┌─ Records for this task
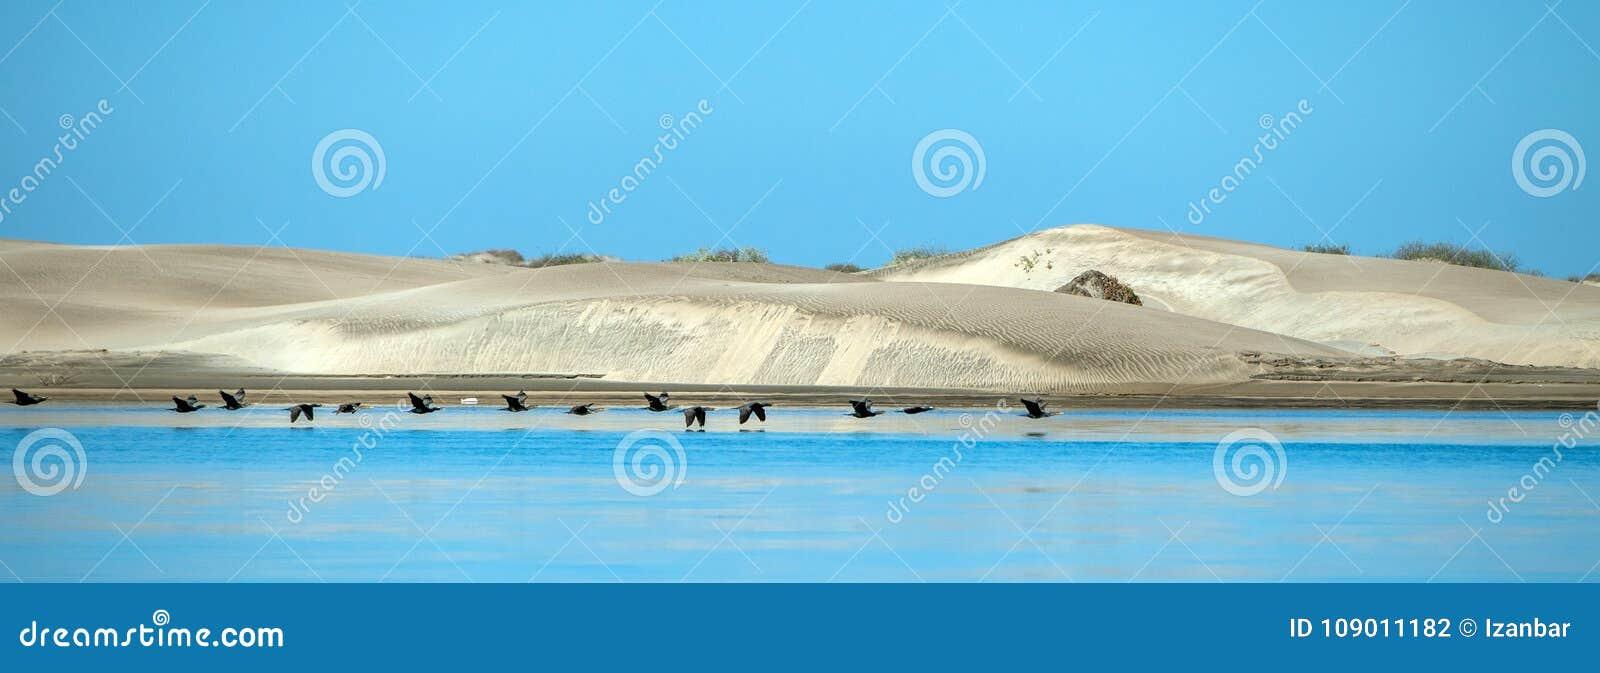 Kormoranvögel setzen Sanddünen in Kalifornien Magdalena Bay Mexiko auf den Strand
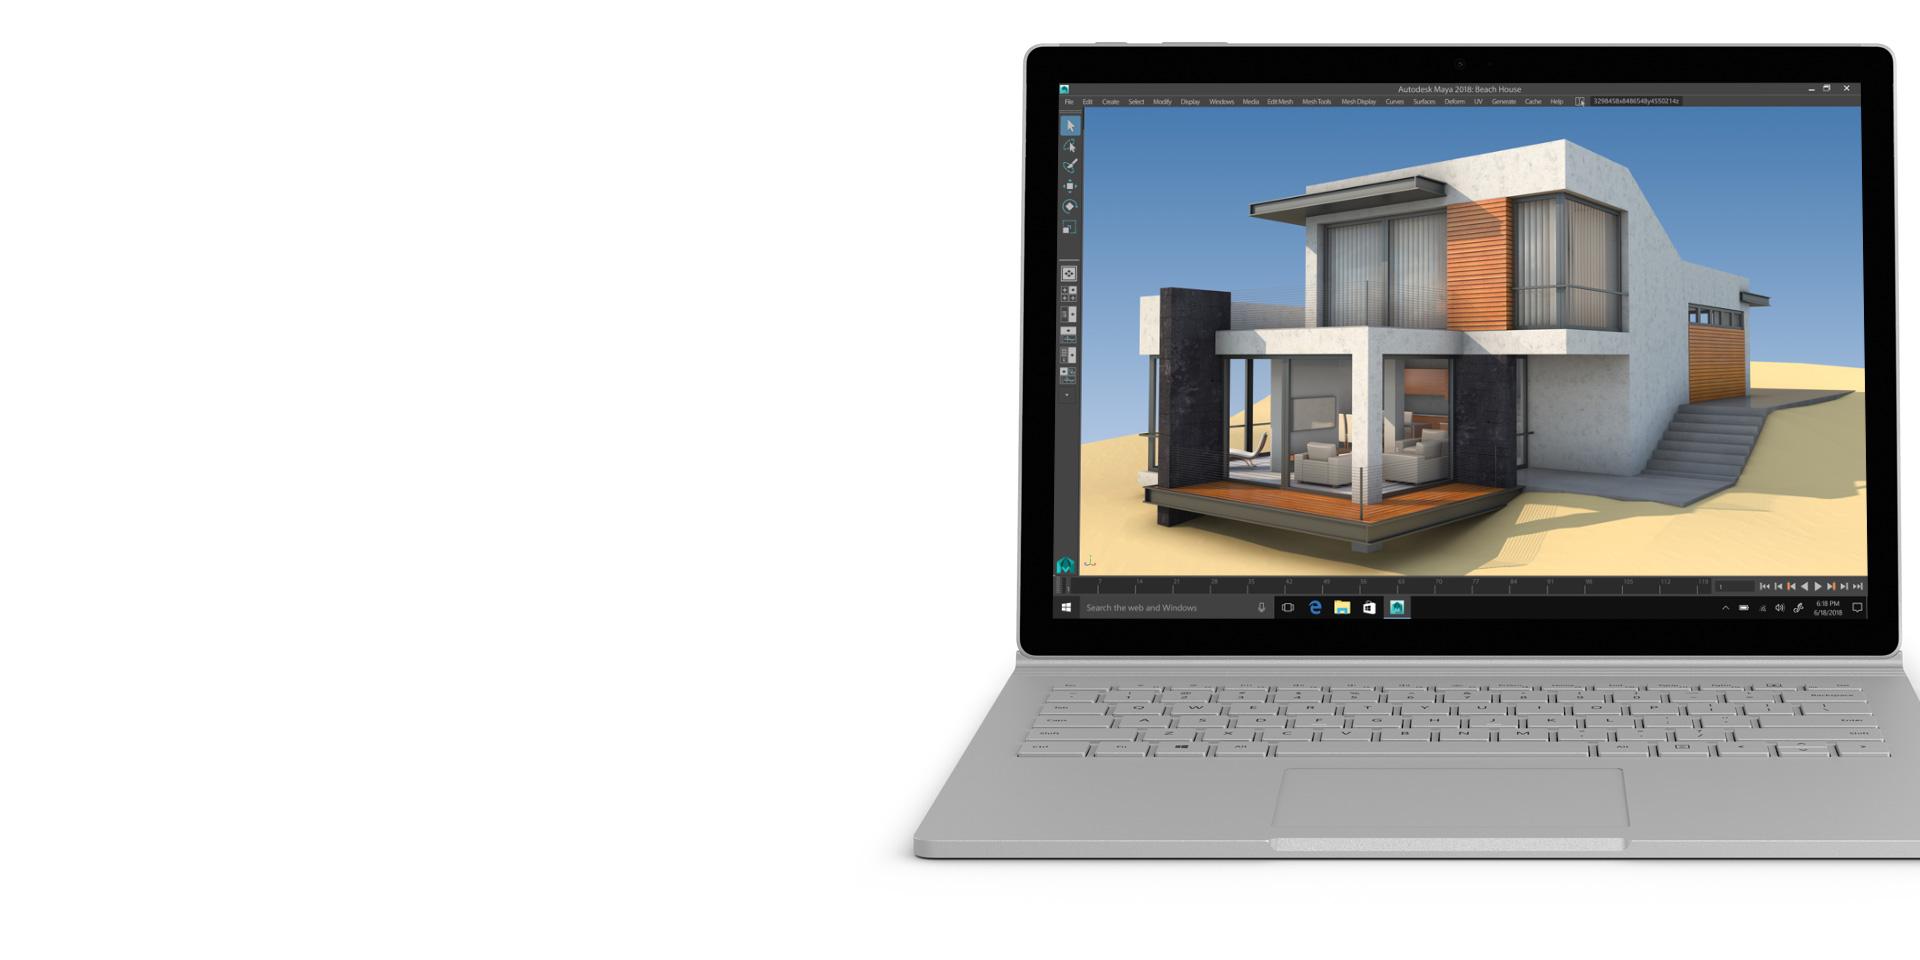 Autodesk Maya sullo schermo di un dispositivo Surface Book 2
└─
┌─ Records for this task
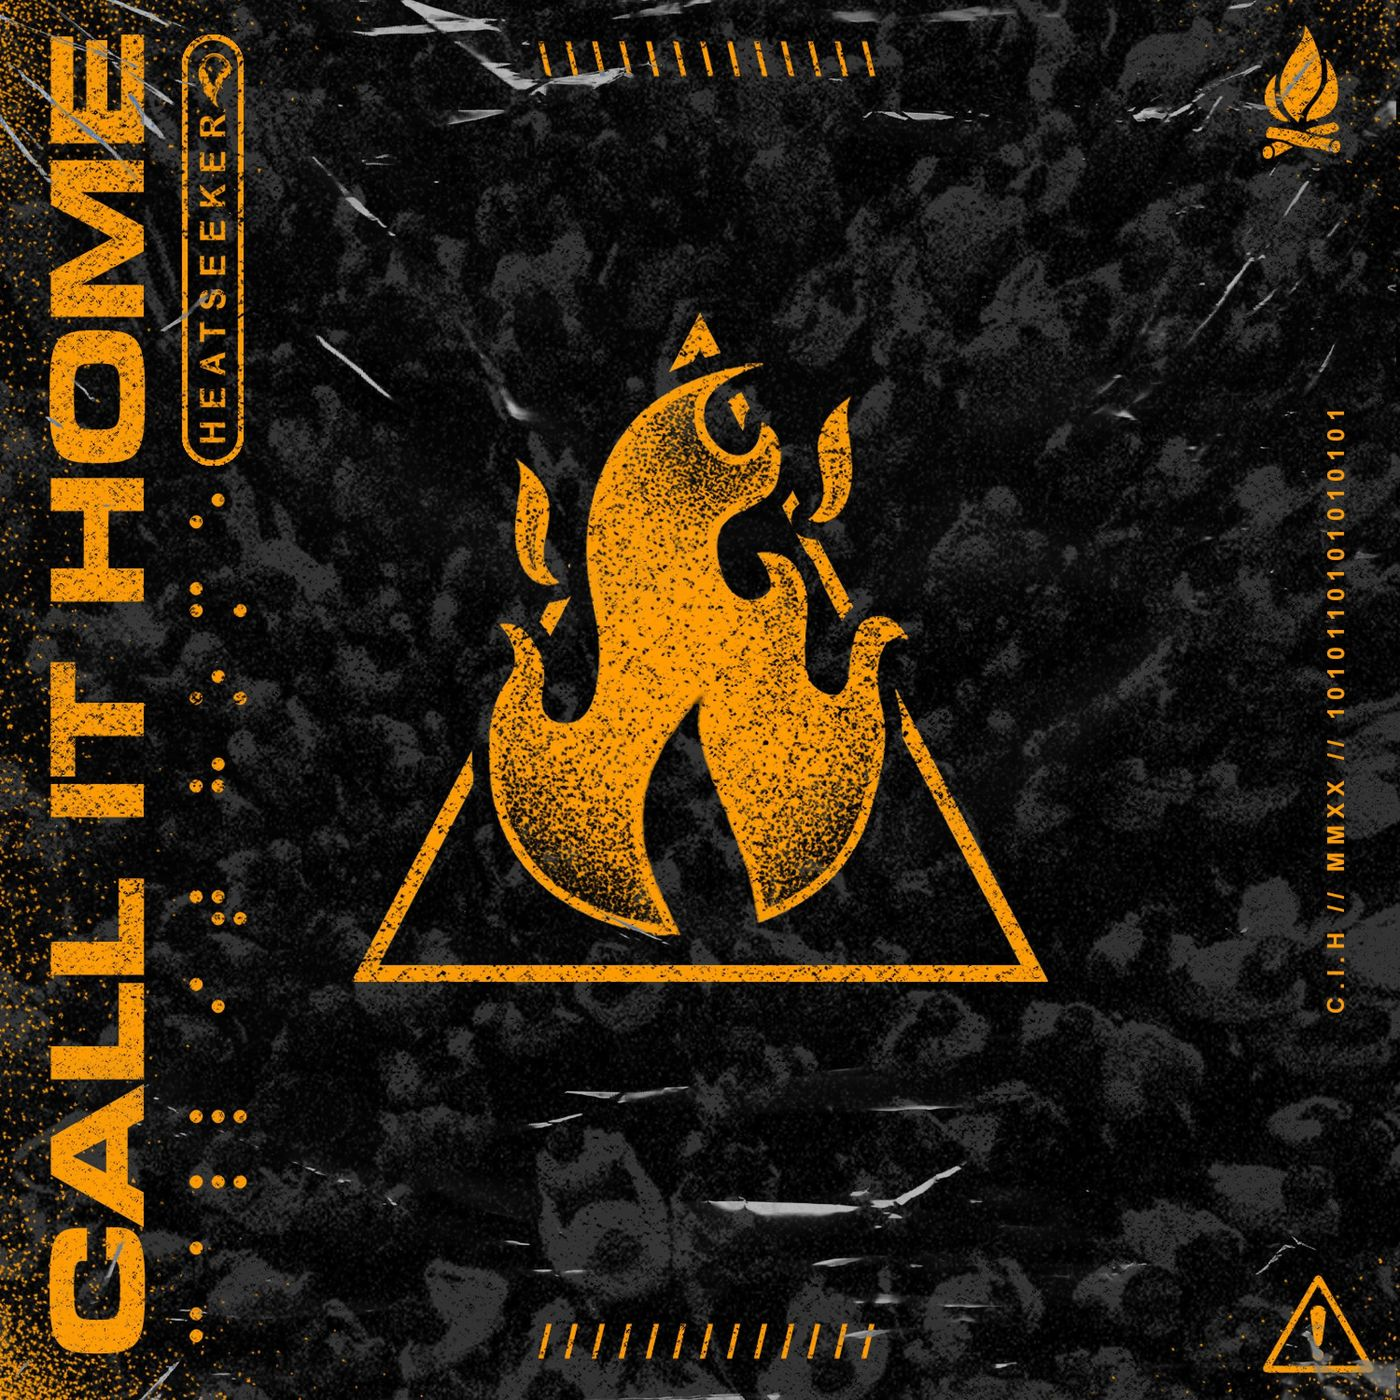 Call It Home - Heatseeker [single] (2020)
└─
:: Activity ::
Within the entries above, the lines from the one containing "Kormoranvögel setzen Sanddünen" through the one containing "Autodesk Maya sullo" are to be transcribed exactly, ends included, pictures excluded.

:: Result for this task ::
 Kormoranvögel setzen Sanddünen in Kalifornien Magdalena Bay Mexiko auf den Strand
 Autodesk Maya sullo schermo di un dispositivo Surface Book 2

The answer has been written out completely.